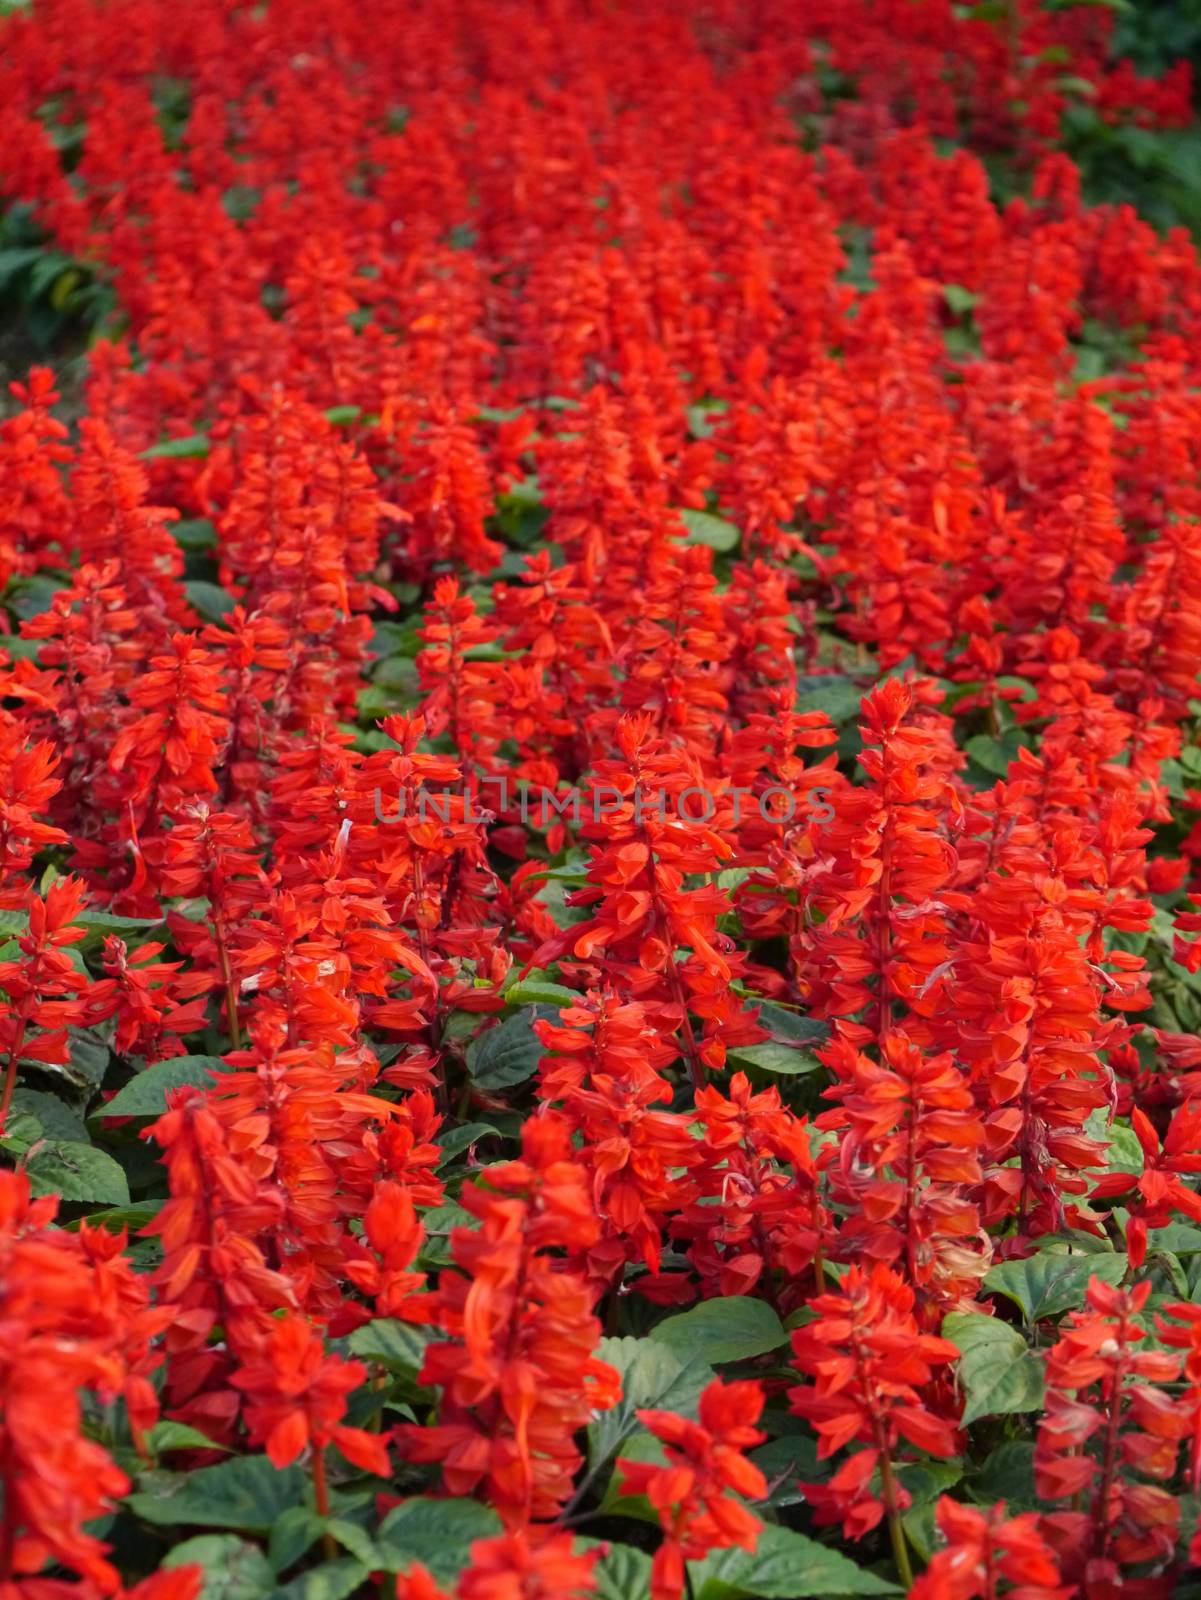 red flower in the garden by Noppharat_th
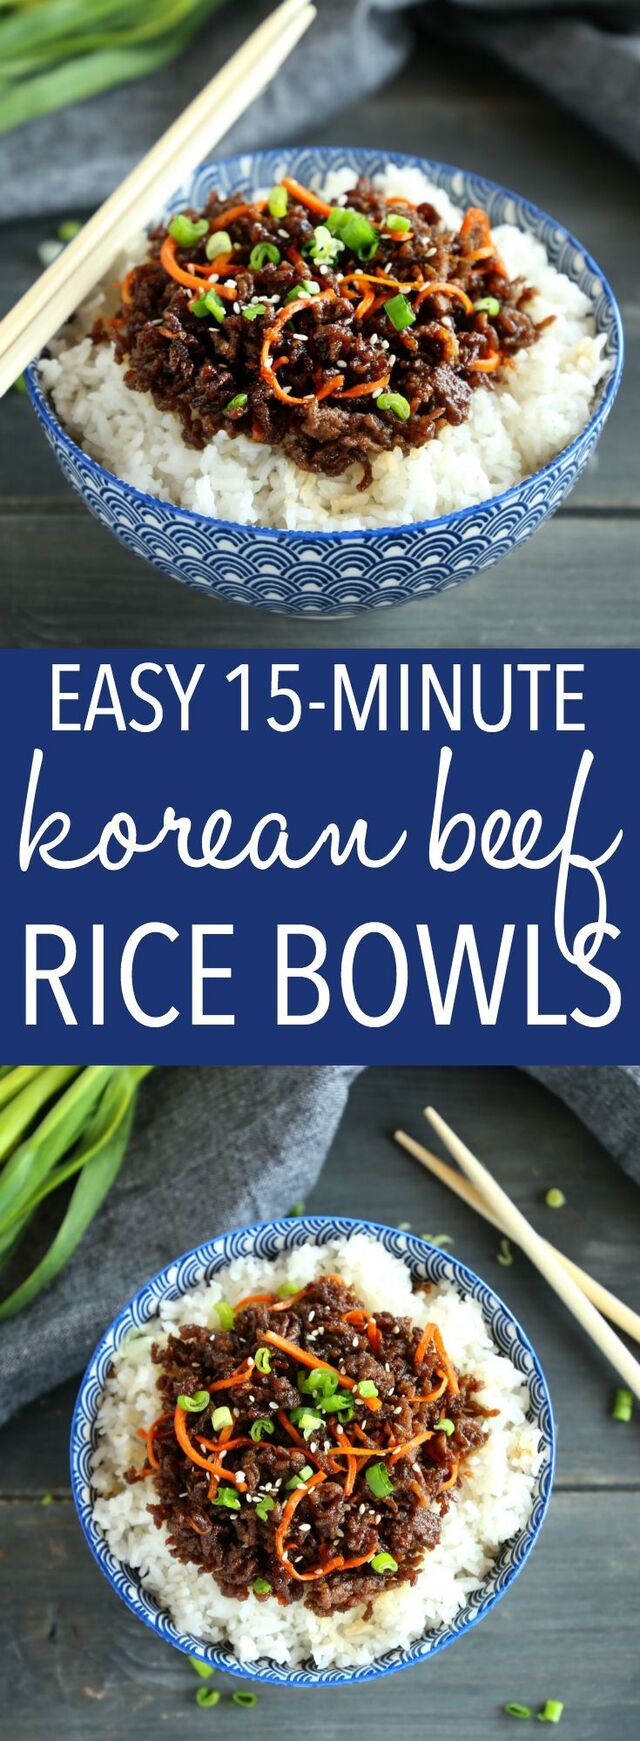 Easy Korean Beef Rice Bowls | Recipe | Healthy weeknight meals, Rice bowls recipes, Beef recipes
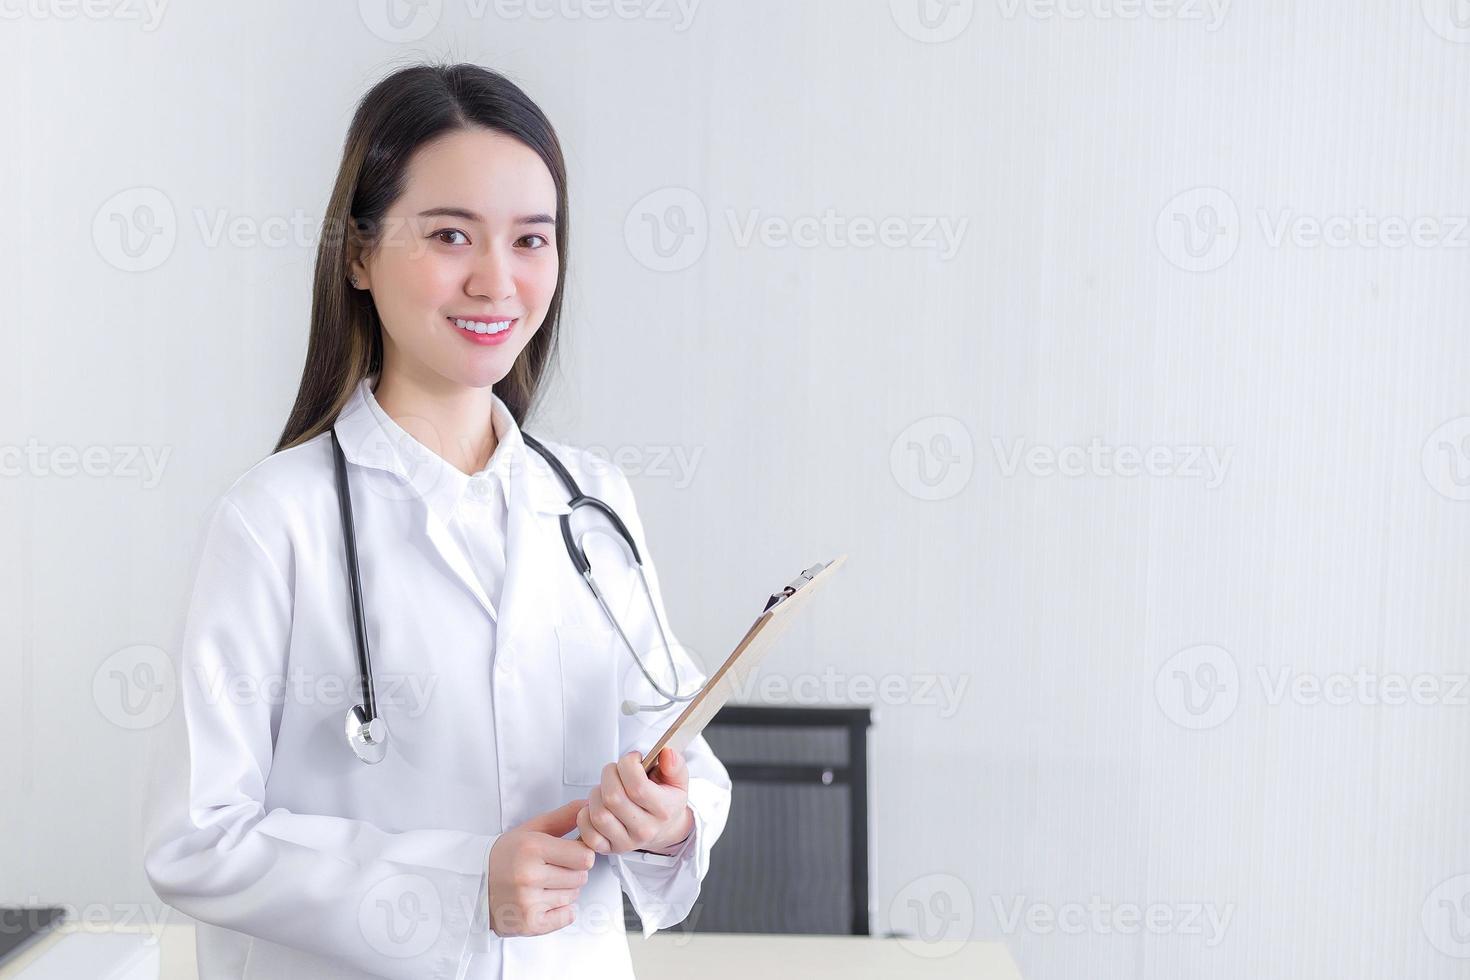 Professionelle schöne junge Ärztin, die ein Dokument in der Zwischenablage hält und lächelnd in die Kamera schaut, während sie im Krankenhaus einen weißen Laborkittel und ein Stethoskop trägt. Gesundheitskonzept. foto
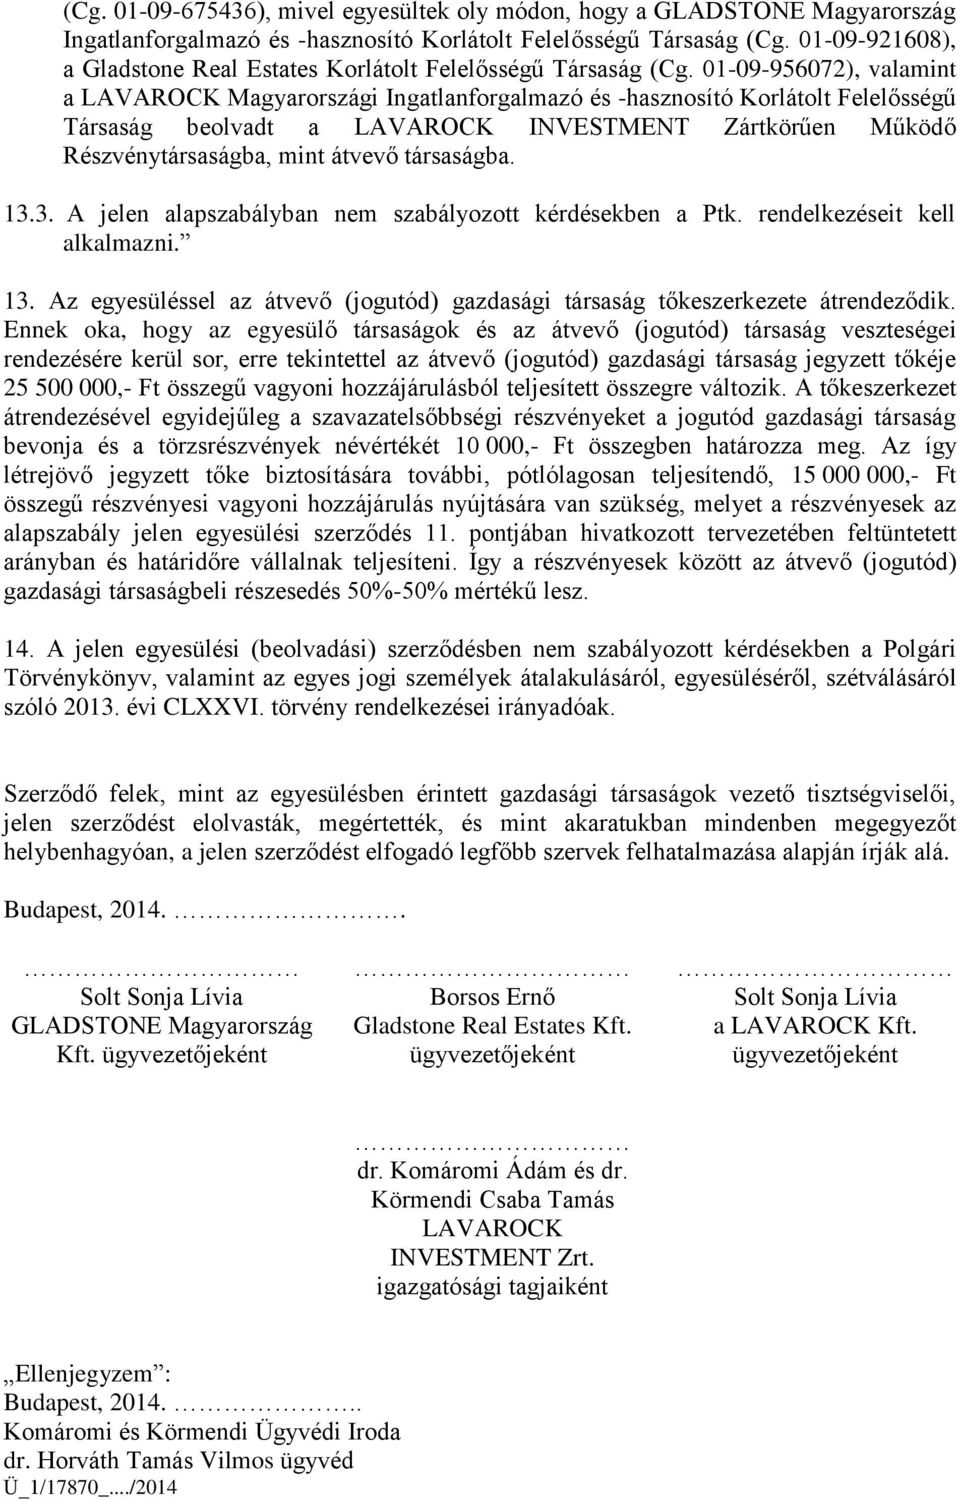 01-09-956072), valamint a LAVAROCK Magyarországi Ingatlanforgalmazó és -hasznosító Korlátolt Felelősségű Társaság beolvadt a LAVAROCK INVESTMENT Zártkörűen Működő Részvénytársaságba, mint átvevő

**What the task asks**
Each line of the data above is to be output exactly; the pictures are not to appear.

**Response area**
 red flower in the garden by Noppharat_th
 Easy Korean Beef Rice Bowls | Recipe | Healthy weeknight meals, Rice bowls recipes, Beef recipes
 Professionelle schöne junge Ärztin, die ein Dokument in der Zwischenablage hält und lächelnd in die Kamera schaut, während sie im Krankenhaus einen weißen Laborkittel und ein Stethoskop trägt. Gesundheitskonzept. foto
 01-09-956072), valamint a LAVAROCK Magyarországi Ingatlanforgalmazó és -hasznosító Korlátolt Felelősségű Társaság beolvadt a LAVAROCK INVESTMENT Zártkörűen Működő Részvénytársaságba, mint átvevő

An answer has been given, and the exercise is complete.